WHAT TO PRODUCE:
When you copy the listing, skip the images and return each line verbatim.

EXERCISE DATA Block Start

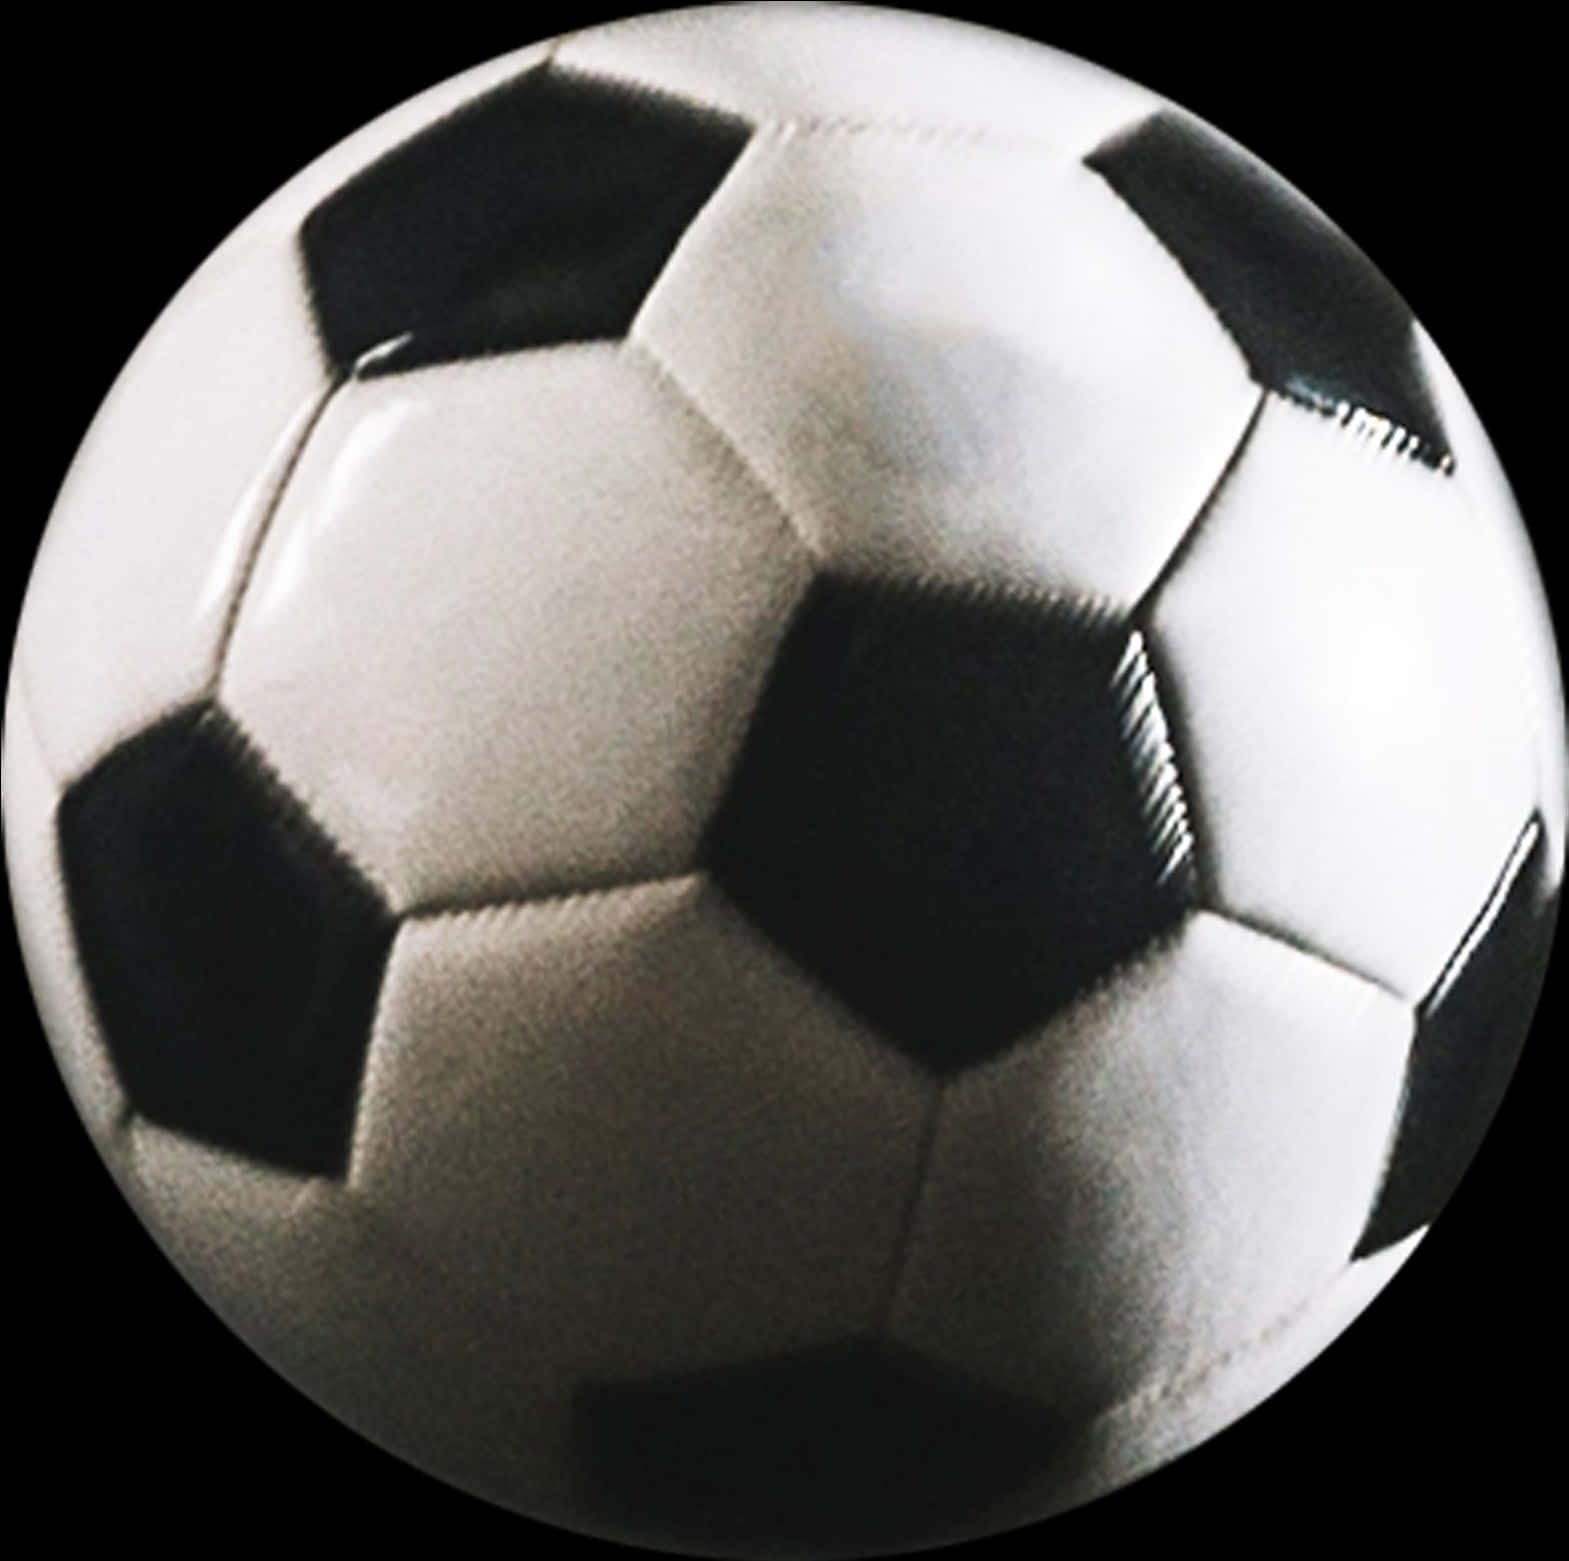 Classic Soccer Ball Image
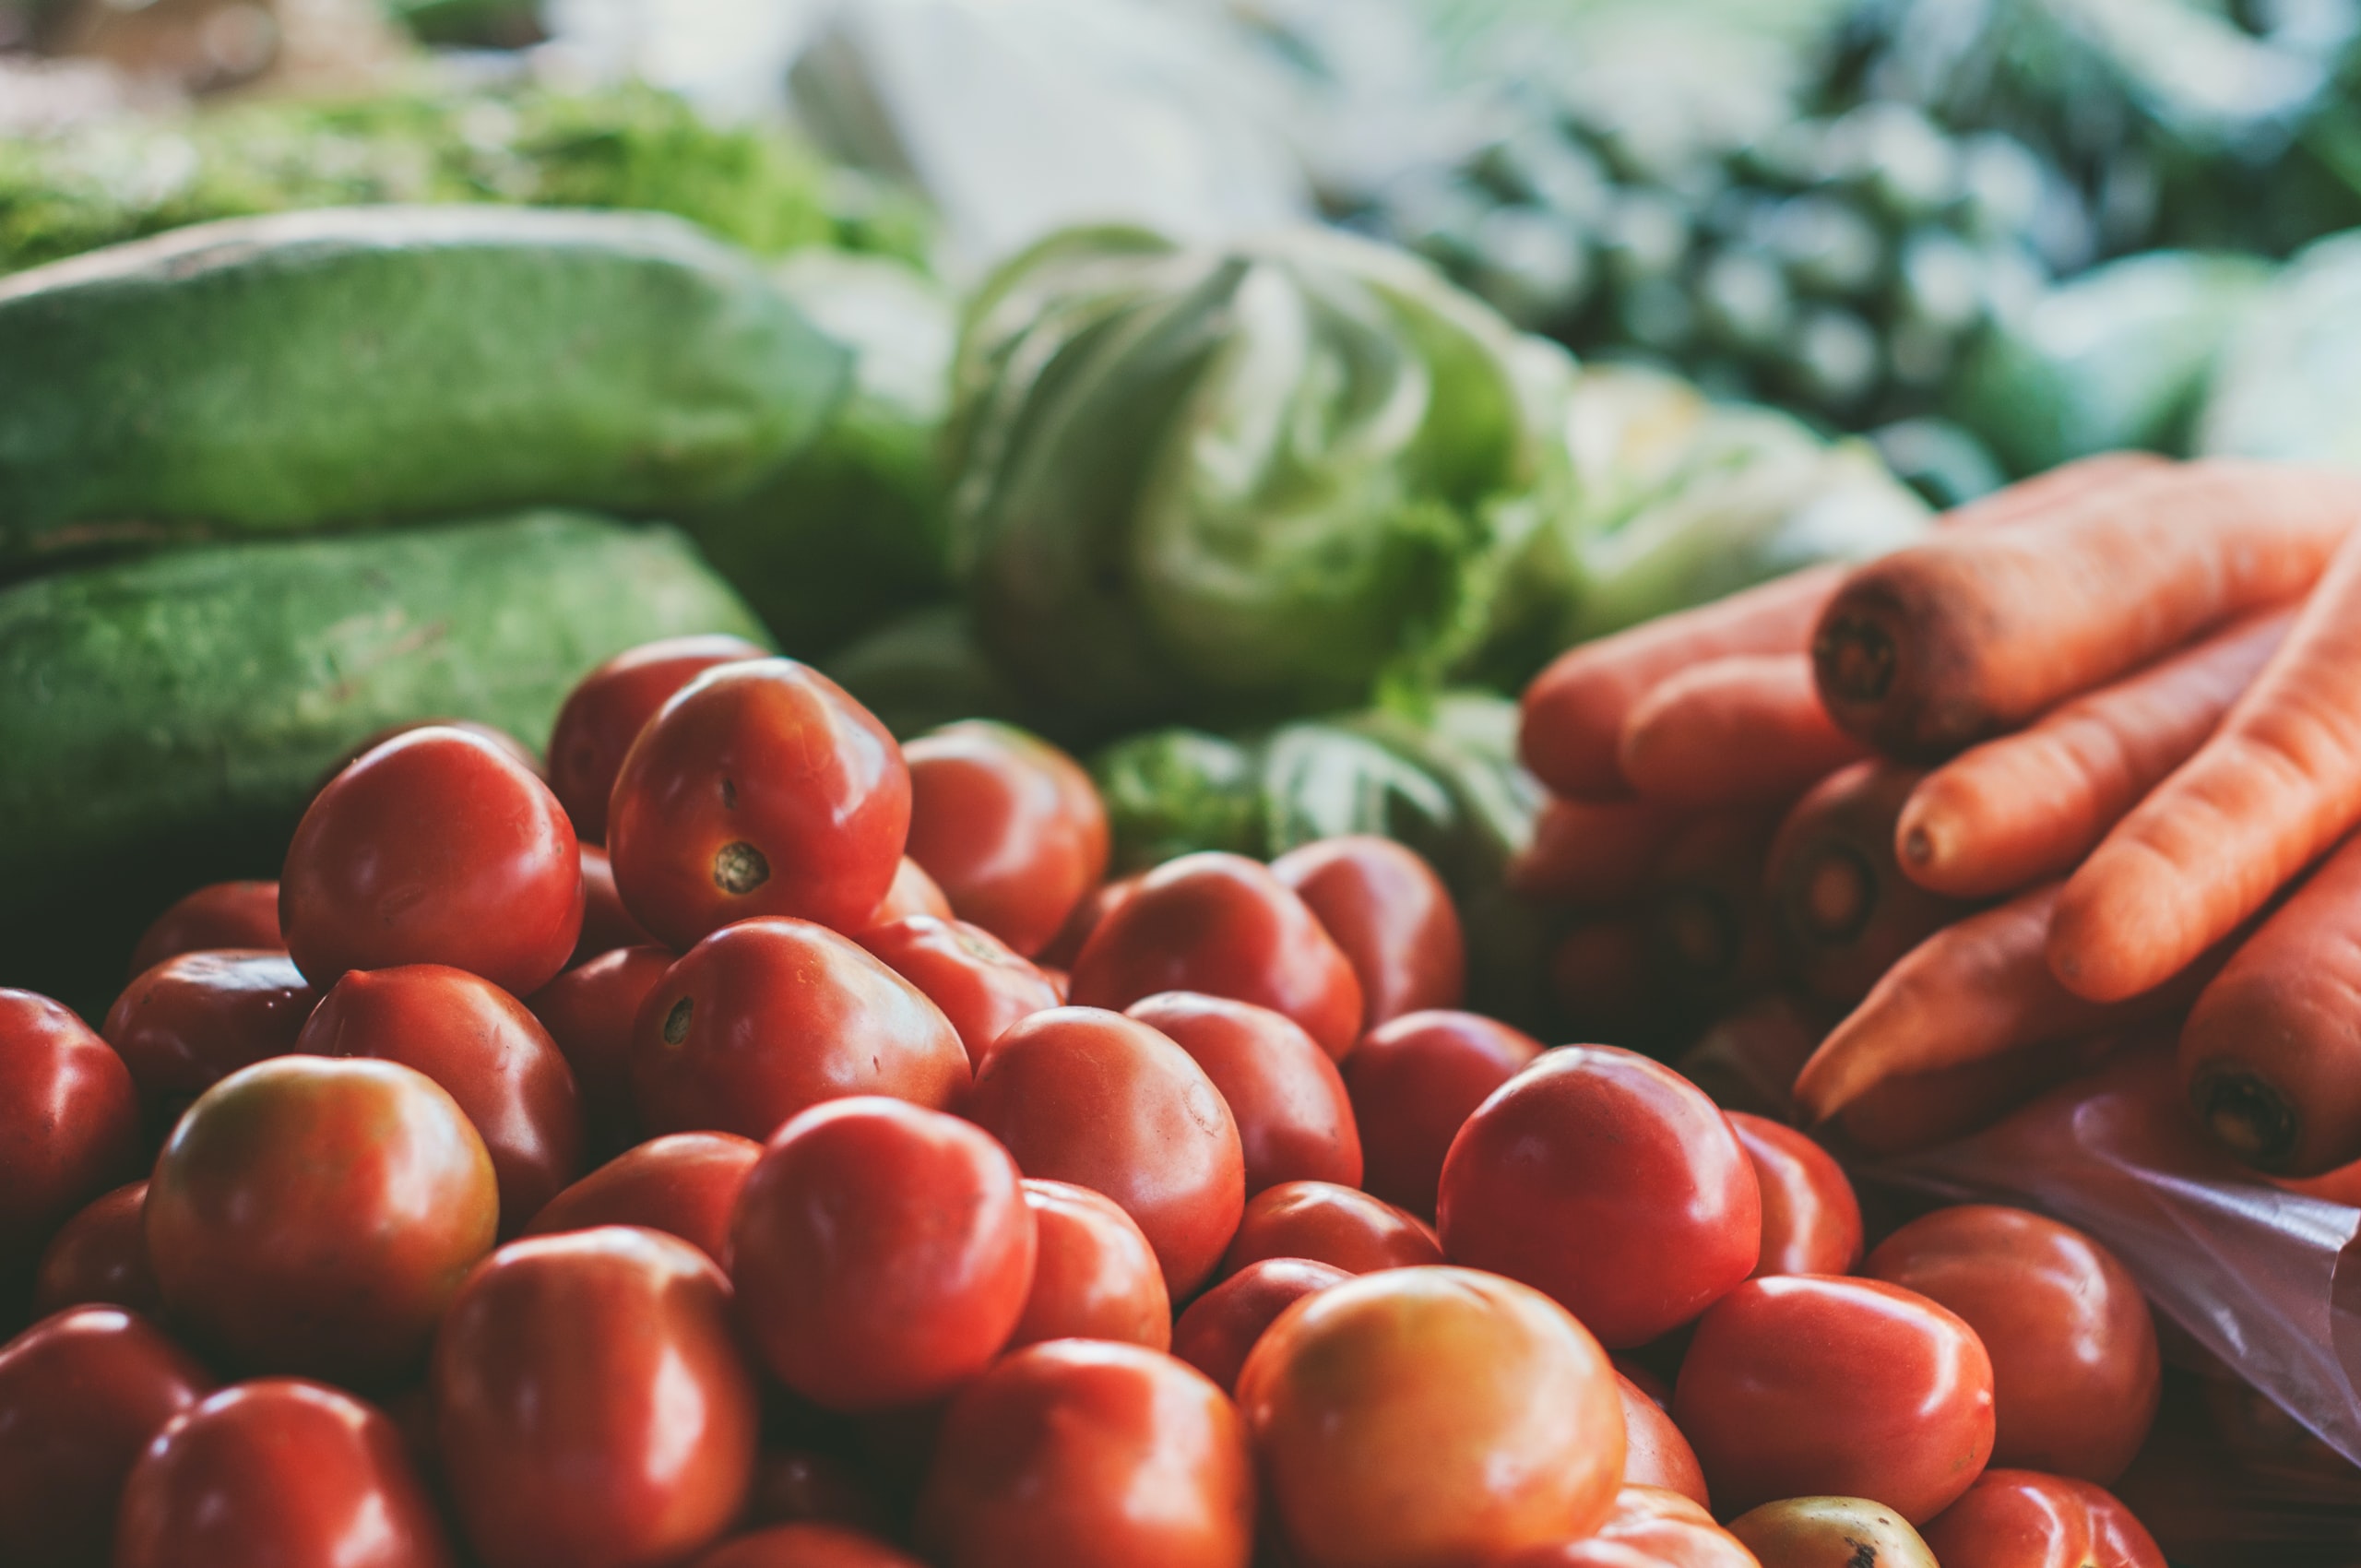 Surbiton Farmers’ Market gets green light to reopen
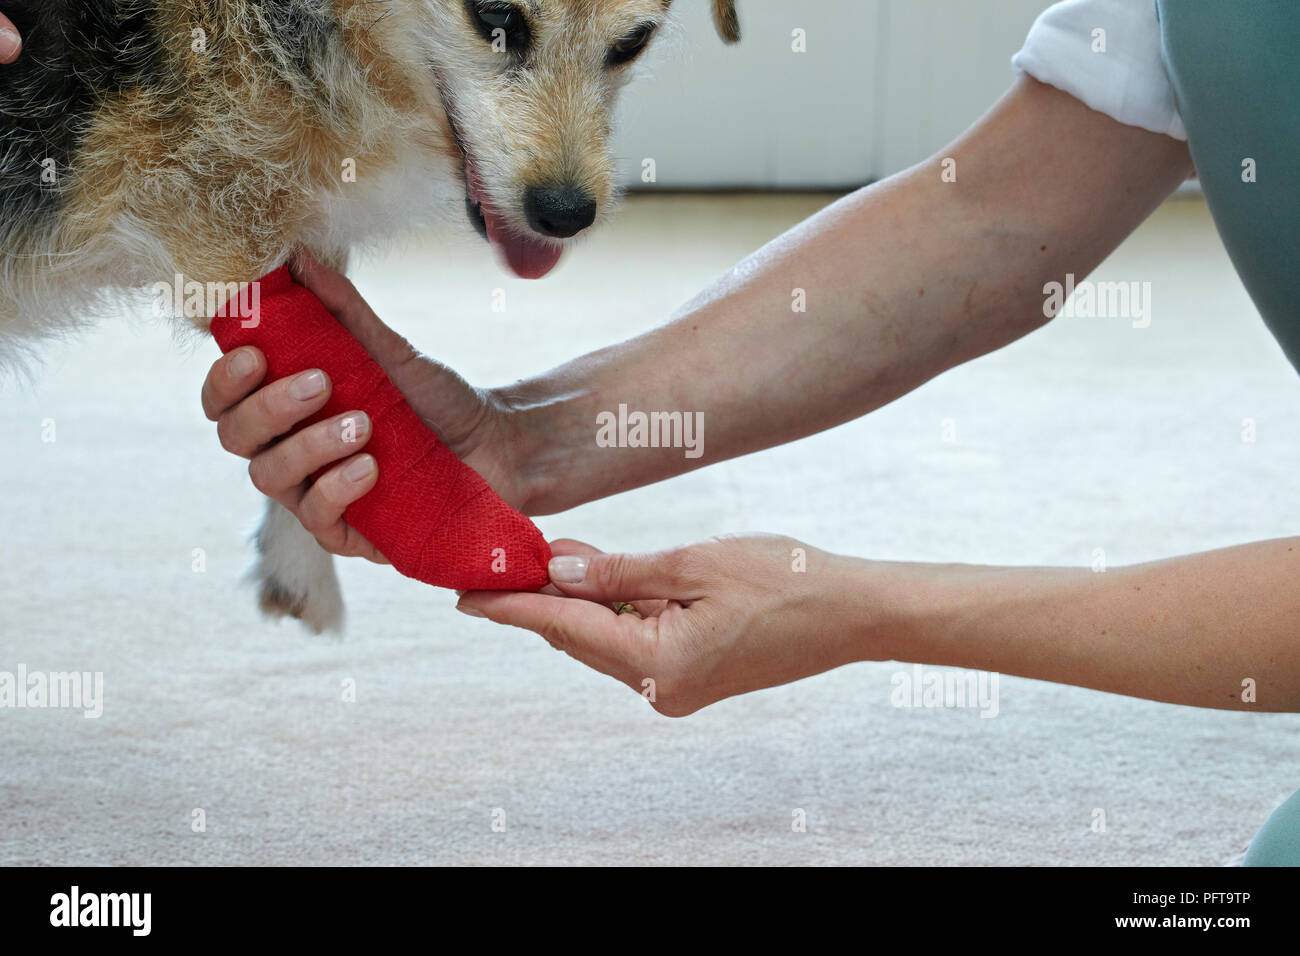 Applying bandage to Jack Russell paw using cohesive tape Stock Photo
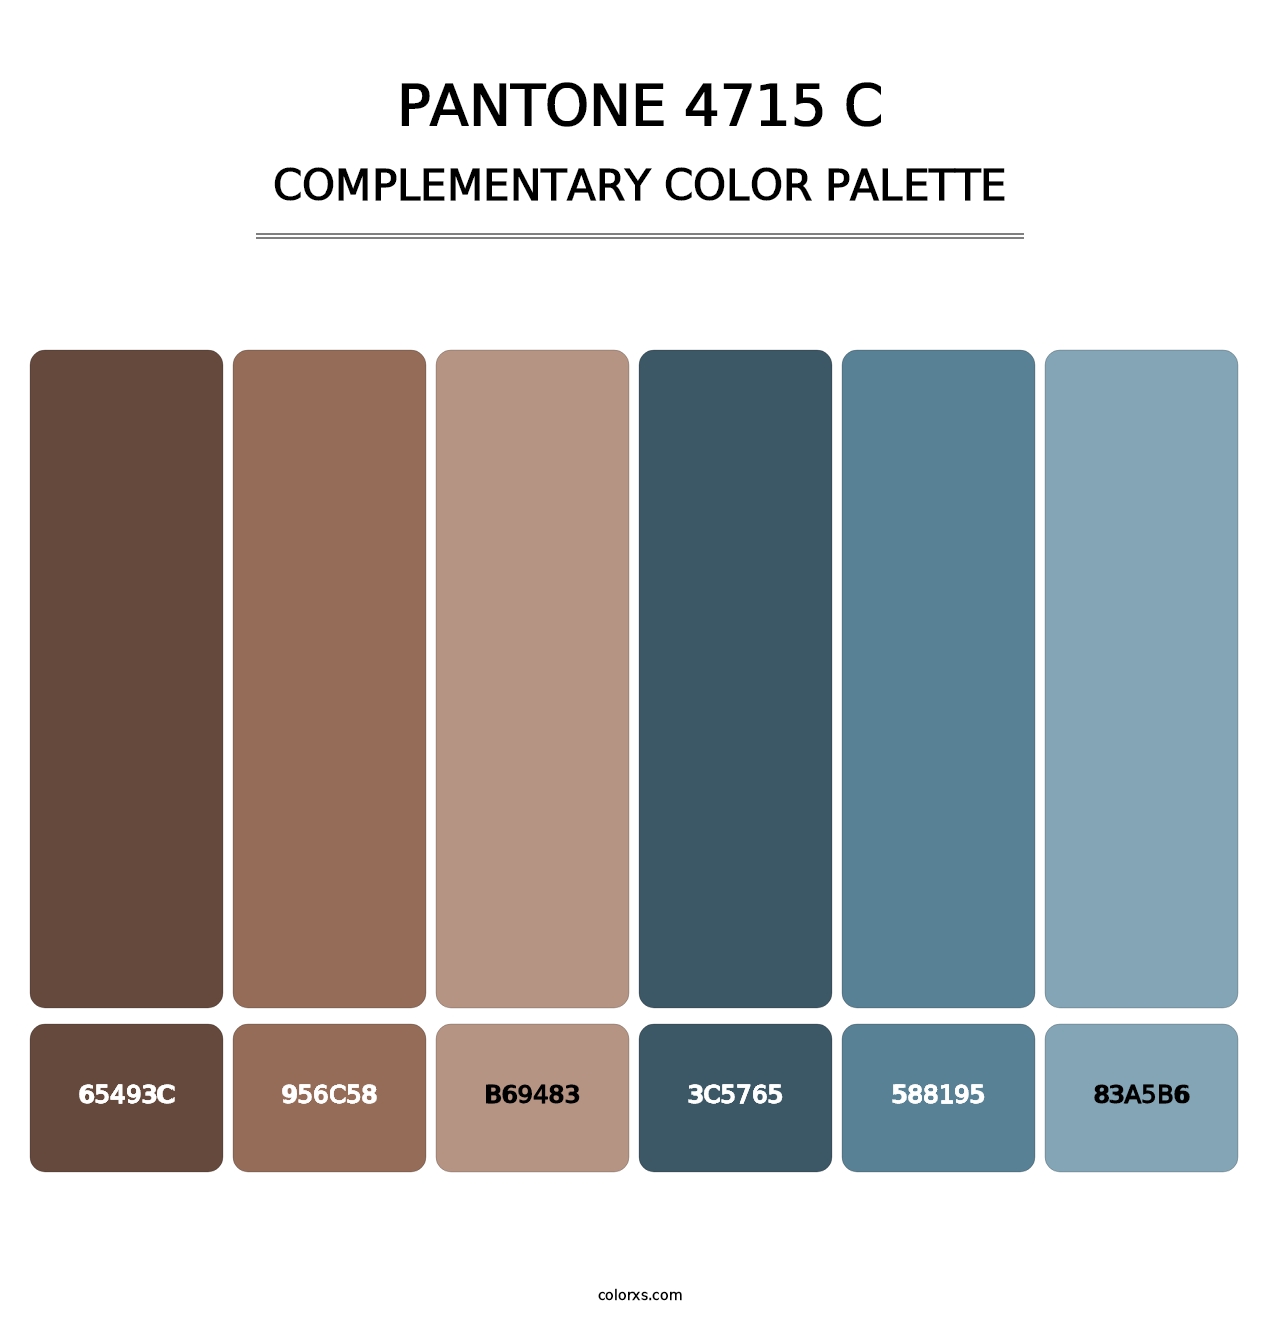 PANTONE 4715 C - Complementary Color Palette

EXERCISE DATA Block End

RESULT FOR THIS EXERCISE:
 Classic Soccer Ball Image
 Surbiton Farmers’ Market gets green light to reopen
 Applying bandage to Jack Russell paw using cohesive tape Stock Photo
 PANTONE 4715 C - Complementary Color Palette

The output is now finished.